This sounds very contrived, because every platform we know of today will print the value -2147483648, and in fact, most programmers would agree that making this behaviour undefined is unnecessary.
Nevertheless, there are compiler optimisations that make use of the fact that signed integer overflow is UB.
int f(int a) {
return a + 10 <= 100 ? 1 : 7;
}
// Generated asm:
int g(int a) {
return a <= 90 ? 1 : 7;
}
$ cat signed-elimination.clang++.s \
| c++filt \
| sed 's/:\s*#.*$/:/' \
| sed -n '/^f(/,/ret/p'
f(int):
# %bb.0:
cmpl $91, %edi
movl $1, %ecx
movl $7, %eax
cmovll %ecx, %eax
retq
$ cat signed-elimination.clang++.s \
| c++filt \
| sed 's/:\s*#.*$/:/' \
| sed -n '/^g(/,/ret/p'
g(int):
# %bb.0:
cmpl $91, %edi
movl $1, %ecx
movl $7, %eax
cmovll %ecx, %eax
retq
a
is an unbounded integer
Notice that this simplification is only allowed if signed integer overflow
is UB. If we tried to call
f(2147483647)
vs
g(2147483647), we might expect that due to overflow,
2147483647 +
10 =
-2147483638
<= 100, that f returns
1 while
g returns
7.
While this is true when compiling with -O0, compiling with
optimisations on results in both f and
g returning
7.
There are still valid reasons to want wrapping arithmetic, where
2147483647 +
10 =
-2147483638
is a valid and non-UB result. In order to do this, you need to cast your
integer to an unsigned type, whose arithmetic is all defined in terms of
modulo arithmetic.
int f_wrap(int a) {
return int(unsigned(a) //
+ unsigned(10)) //
<= 100
? 1
: 7;
}
$ cat signed-elimination.clang++.s \
| c++filt \
| sed 's/:\s*#.*$/:/' \
| sed -n '/^f_wrap(/,/ret/p'
f_wrap(int):
# %bb.0:
addl $10, %edi
cmpl $101, %edi
movl $1, %ecx
movl $7, %eax
cmovll %ecx, %eax
retq
Once again, let me emphasise that UB is something that is triggered at runtime, and is not a static property of a program at compile time.

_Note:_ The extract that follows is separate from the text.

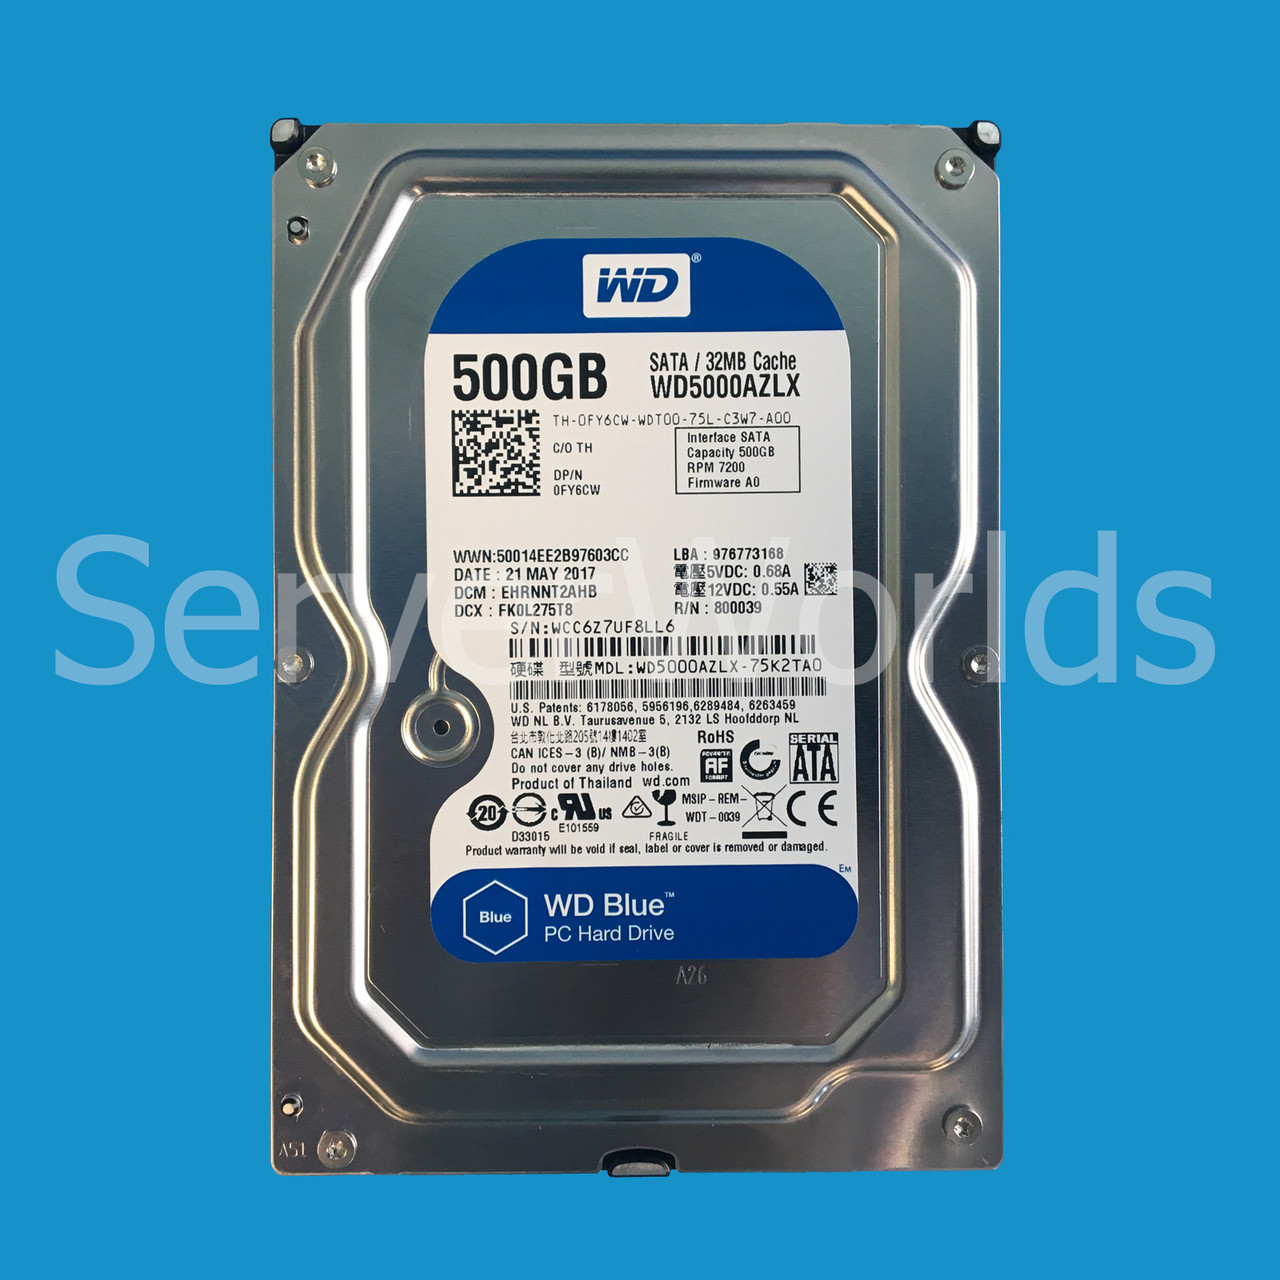 Dell FY6CW 500GB SATA 7.2K 6GBPS 3.5" Drive WD5000AZLX-75K2TA0
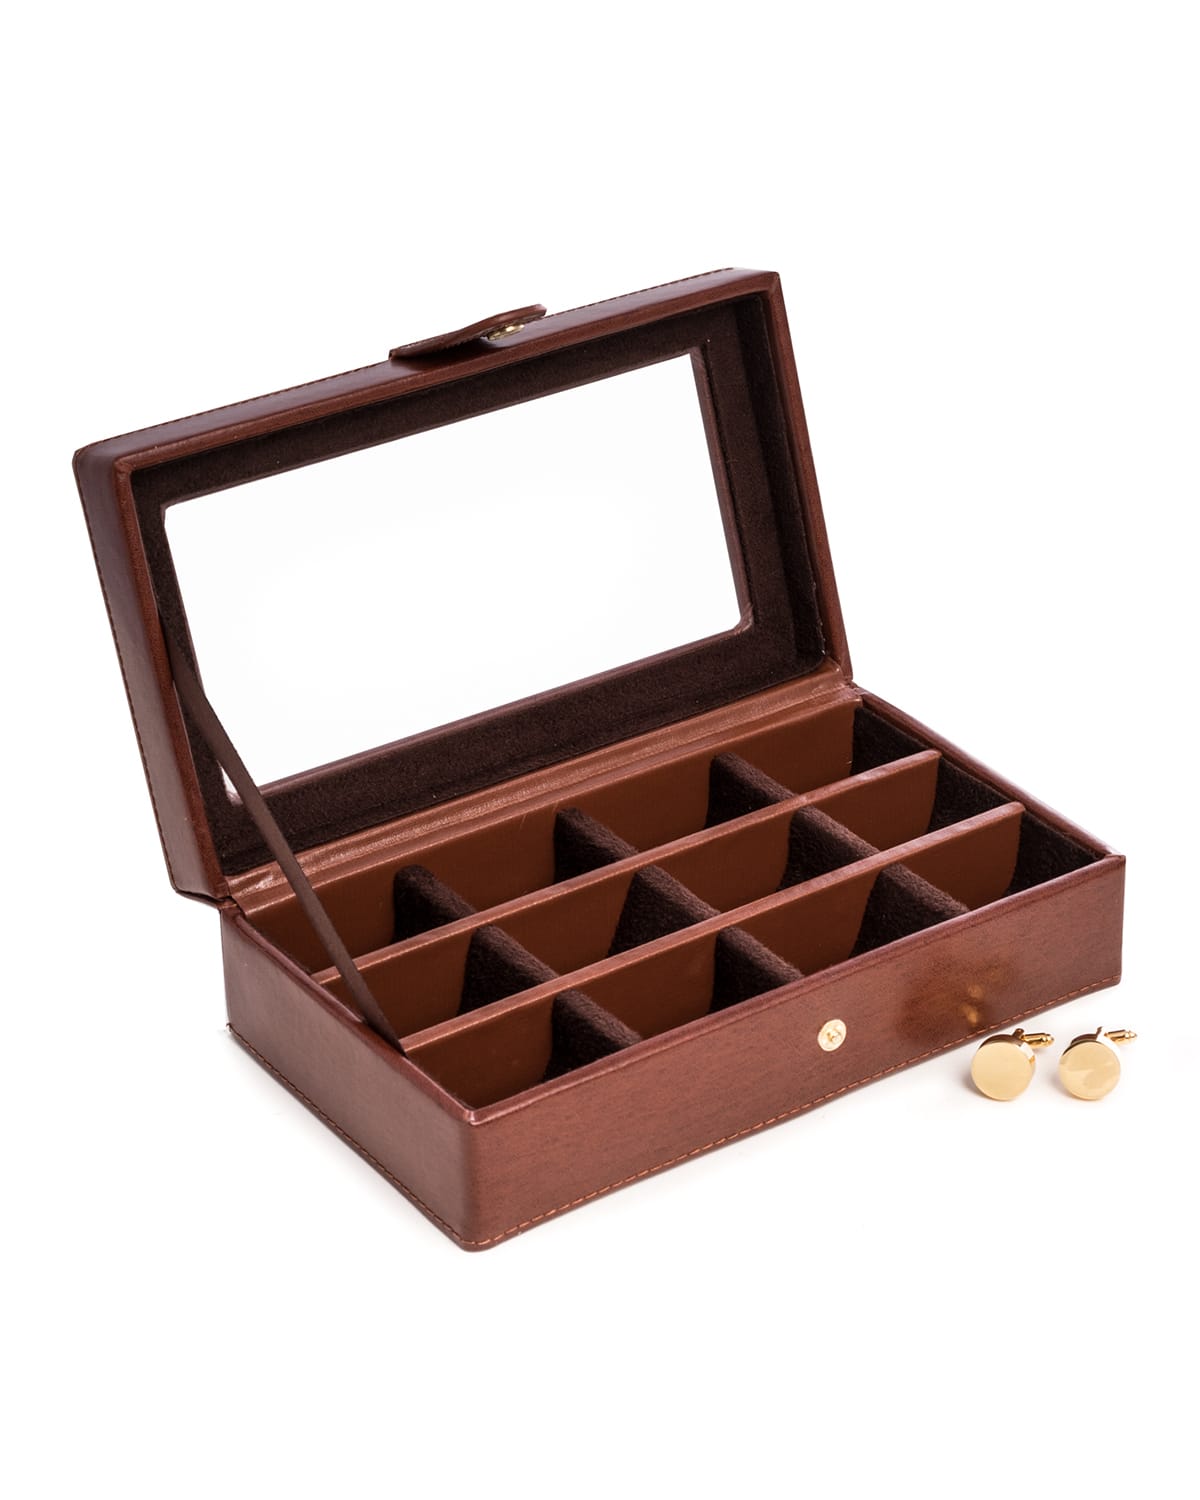 Shop Bey-berk Men's 12-cufflink Leather Storage Box W/ Glass Top In Brown

For example, this code is UB depending on what values the user inputs into the program.
int main() {
int i, j;
std::cin >> i >> j;
// UB if i + j overflows
return i + j;
}
Obviously, this program is perfectly valid even though it is possible that UB may occur under some situations.
Other examples of UB that may happen when doing arithmetic are:
1 /
0
int arr[4]; arr
+ 5;
INT_MIN / -1
static_cast<int>(1e10)
Reference: C Compilers Disprove Fermat’s Last Theorem
Another interesting case of undefined behaviour is executing an infinite loop that produces no side effects.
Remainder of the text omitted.